### [Records from a dataset]
···

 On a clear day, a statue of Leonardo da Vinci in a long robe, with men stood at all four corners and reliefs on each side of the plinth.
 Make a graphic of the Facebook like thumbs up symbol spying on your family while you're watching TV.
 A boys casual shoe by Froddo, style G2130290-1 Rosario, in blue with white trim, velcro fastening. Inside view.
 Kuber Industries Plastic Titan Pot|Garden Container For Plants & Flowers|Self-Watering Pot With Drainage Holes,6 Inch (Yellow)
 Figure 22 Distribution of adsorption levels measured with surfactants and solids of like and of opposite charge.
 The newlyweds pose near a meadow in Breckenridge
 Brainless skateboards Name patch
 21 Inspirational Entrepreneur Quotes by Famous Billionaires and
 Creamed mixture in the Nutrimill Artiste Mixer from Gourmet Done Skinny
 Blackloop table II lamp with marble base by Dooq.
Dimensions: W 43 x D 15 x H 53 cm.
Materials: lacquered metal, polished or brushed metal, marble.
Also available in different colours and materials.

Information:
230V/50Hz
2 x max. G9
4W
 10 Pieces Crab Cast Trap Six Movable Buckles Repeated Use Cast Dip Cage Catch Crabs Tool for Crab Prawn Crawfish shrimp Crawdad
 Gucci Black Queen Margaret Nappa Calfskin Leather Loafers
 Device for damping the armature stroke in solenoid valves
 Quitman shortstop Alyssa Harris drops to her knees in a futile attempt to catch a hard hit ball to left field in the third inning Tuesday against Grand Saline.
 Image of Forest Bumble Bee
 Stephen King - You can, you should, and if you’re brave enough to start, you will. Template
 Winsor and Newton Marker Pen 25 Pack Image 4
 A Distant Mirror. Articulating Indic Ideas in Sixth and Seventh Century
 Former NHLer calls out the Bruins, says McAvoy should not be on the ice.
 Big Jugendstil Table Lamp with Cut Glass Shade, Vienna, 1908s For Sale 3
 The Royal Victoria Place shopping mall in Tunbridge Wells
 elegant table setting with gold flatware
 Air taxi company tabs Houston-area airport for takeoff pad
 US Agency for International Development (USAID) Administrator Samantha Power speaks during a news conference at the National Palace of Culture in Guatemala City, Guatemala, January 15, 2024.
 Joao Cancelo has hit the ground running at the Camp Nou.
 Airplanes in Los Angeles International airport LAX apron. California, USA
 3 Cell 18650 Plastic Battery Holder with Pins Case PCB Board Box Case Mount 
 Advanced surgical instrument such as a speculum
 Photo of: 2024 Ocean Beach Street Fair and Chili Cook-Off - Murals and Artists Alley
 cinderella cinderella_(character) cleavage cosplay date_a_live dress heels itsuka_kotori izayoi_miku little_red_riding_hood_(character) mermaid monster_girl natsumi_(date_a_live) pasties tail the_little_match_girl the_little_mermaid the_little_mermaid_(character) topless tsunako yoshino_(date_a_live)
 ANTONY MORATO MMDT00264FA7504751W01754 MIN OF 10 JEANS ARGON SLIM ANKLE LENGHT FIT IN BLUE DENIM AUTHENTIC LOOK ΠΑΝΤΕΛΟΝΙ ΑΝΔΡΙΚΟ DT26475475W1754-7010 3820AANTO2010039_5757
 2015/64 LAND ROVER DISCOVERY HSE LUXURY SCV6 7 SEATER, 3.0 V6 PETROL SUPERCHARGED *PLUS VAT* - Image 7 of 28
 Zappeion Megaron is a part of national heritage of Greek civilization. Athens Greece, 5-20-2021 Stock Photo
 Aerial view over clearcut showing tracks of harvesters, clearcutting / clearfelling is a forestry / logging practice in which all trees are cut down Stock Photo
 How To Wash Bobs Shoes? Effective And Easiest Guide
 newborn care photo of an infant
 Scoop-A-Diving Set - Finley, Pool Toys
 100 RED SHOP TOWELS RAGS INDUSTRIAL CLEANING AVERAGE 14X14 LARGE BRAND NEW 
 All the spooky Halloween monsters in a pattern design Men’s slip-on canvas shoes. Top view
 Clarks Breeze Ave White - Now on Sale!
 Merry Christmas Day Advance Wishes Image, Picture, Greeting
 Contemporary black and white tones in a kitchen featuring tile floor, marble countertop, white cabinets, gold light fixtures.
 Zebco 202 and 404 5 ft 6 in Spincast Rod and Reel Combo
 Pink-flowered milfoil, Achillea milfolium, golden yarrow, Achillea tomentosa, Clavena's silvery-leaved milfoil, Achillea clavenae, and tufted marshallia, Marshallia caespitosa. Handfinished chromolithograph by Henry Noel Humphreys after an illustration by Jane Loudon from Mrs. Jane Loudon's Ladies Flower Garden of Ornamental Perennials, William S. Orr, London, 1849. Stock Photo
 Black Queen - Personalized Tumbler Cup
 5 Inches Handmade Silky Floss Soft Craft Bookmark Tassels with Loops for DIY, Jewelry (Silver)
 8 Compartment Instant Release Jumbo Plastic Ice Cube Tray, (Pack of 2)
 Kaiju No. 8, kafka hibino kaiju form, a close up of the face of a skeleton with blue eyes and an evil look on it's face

···

### [Task prompt]
Look above for the line holding "Materials: lacquered metal, polished" and the line holding "Air taxi company", then output exactly those two lines and every line between them, nothing more.

### [Written response]
Materials: lacquered metal, polished or brushed metal, marble.
Also available in different colours and materials.

Information:
230V/50Hz
2 x max. G9
4W
 10 Pieces Crab Cast Trap Six Movable Buckles Repeated Use Cast Dip Cage Catch Crabs Tool for Crab Prawn Crawfish shrimp Crawdad
 Gucci Black Queen Margaret Nappa Calfskin Leather Loafers
 Device for damping the armature stroke in solenoid valves
 Quitman shortstop Alyssa Harris drops to her knees in a futile attempt to catch a hard hit ball to left field in the third inning Tuesday against Grand Saline.
 Image of Forest Bumble Bee
 Stephen King - You can, you should, and if you’re brave enough to start, you will. Template
 Winsor and Newton Marker Pen 25 Pack Image 4
 A Distant Mirror. Articulating Indic Ideas in Sixth and Seventh Century
 Former NHLer calls out the Bruins, says McAvoy should not be on the ice.
 Big Jugendstil Table Lamp with Cut Glass Shade, Vienna, 1908s For Sale 3
 The Royal Victoria Place shopping mall in Tunbridge Wells
 elegant table setting with gold flatware
 Air taxi company tabs Houston-area airport for takeoff pad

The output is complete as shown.